Population history, phylogeography, and conservation genetics of the last Neotropical mega-herbivore, the lowland tapir (Tapirus terrestris)
1 Association Kwata, BP 672, 97335 Cayenne cedex, French Guiana
2 Laboratoire des Interactions Virus-Hôtes, Institut Pasteur de la Guyane, Cayenne, French Guiana
3 CSIRO Marine and Atmospheric Research, GPO Box 1538, Hobart, TAS 7001, Australia
4 Laboratorio de Genética de Poblaciones Molecular-Biología Evolutiva, Facultad de Ciencias, Pontificia Universidad Javeriana, Bogotá DC., Colombia
5 Centro Tecnológico de Recursos Amazónicos, Centro Fátima, Casilla 16-01-800 Puyo-Pastaza, Ecuador
6 Programa de Maestría en Biodiversidad de Áreas Tropicales y su Conservación MBATC, CSIC/UCE/UIMP, Quito, Ecuador
7 Unidad de Biología Integrativa, Laboratorios de Investigación y Desarrollo, Facultad de Ciencias y Filosofía, Universidad Peruana Cayetano Heredia, Lima, Perú
8 Facultad de Ciencias Veterinarias de Esperanza, Universidad Nacional del Litoral, Buenos Aires, Argentina
9 Instituto de Investigaciones Biomédicas, Universidad de las Américas, Avenida Granados y Colimes, Quito, Ecuador
10 Andes to Amazon Biodiversity Program, Botanical Research Institute of Texas, Fort Worth, TX 76102, USA
11 Laboratorio de Biología Evolutiva de Vertebrados, Departamento de Ciencias Biológicas, Universidad de Los Andes, Bogota, Colombia
BMC Evolutionary Biology 2010, 10:278 doi:10.1186/1471-2148-10-278Published: 14 September 2010
Understanding the forces that shaped Neotropical diversity is central issue to explain tropical biodiversity and inform conservation action; yet few studies have examined large, widespread species. Lowland tapir (Tapirus terrrestris, Perissodactyla, Tapiridae) is the largest Neotropical herbivore whose ancestors arrived in South America during the Great American Biotic Interchange. A Pleistocene diversification is inferred for the genus Tapirus from the fossil record, but only two species survived the Pleistocene megafauna extinction. Here, we investigate the history of lowland tapir as revealed by variation at the mitochondrial gene Cytochrome b, compare it to the fossil data, and explore mechanisms that could have shaped the observed structure of current populations.

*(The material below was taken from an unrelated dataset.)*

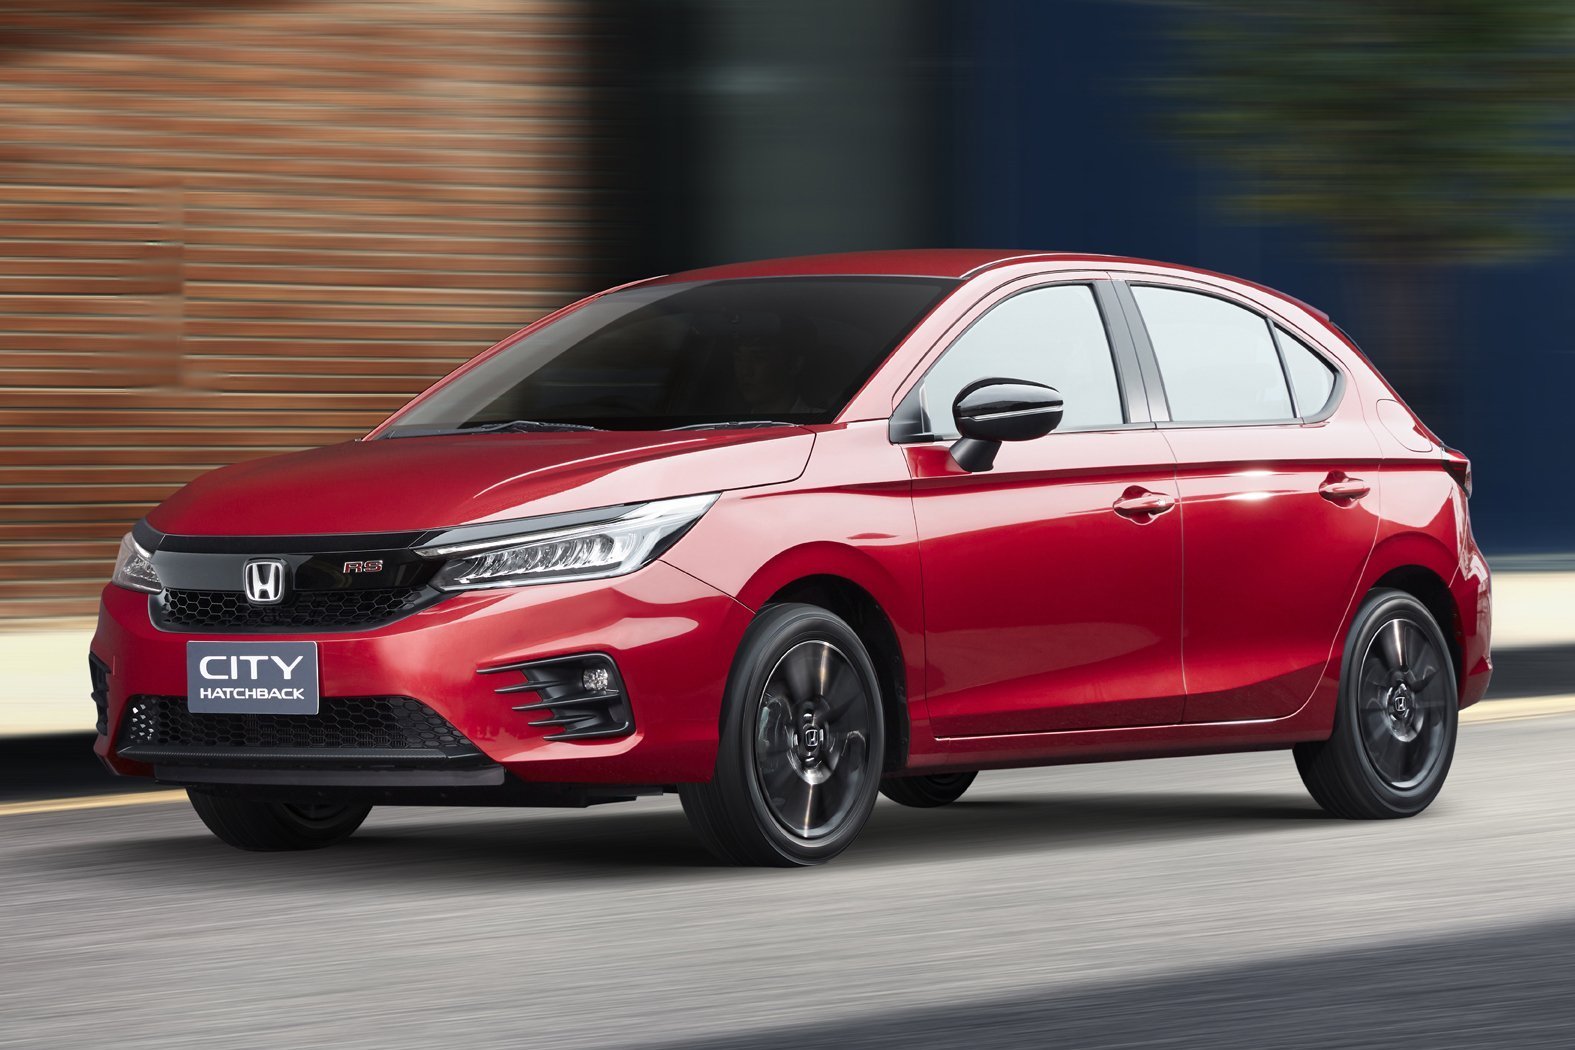 Honda Cars PH confirms City Hatchback to replace the Jazz this month

Separate methodological approaches found mutually exclusive divergence times for lowland tapir, either in the late or in the early Pleistocene, although a late Pleistocene divergence is more in tune with the fossil record. Bayesian analysis favored mountain tapir (T. pinchaque) paraphyly in relation to lowland tapir over reciprocal monophyly, corroborating the inferences from the fossil data these species are sister taxa. A coalescent-based analysis rejected a null hypothesis of allopatric divergence, suggesting a complex history. Based on the geographic distribution of haplotypes we propose (i) a central role for western Amazonia in tapir diversification, with a key role of the ecological gradient along the transition between Andean subcloud forests and Amazon lowland forest, and (ii) that the Amazon river acted as an barrier to gene flow. Finally, the branching patterns and estimates based on nucleotide diversity indicate a population expansion after the Last Glacial Maximum.
This study is the first examining lowland tapir phylogeography. Climatic events at the end of the Pleistocene, parapatric speciation, divergence along the Andean foothill, and role of the Amazon river, have similarly shaped the history of other taxa. Nevertheless further work with additional samples and loci is needed to improve our initial assessment. From a conservation perspective, we did not find a correspondence between genetic structure in lowland tapir and ecogeographic regions proposed to define conservation priorities in the Neotropics. This discrepancy sheds doubt into this scheme's ability to generate effective conservation planning for vagile species.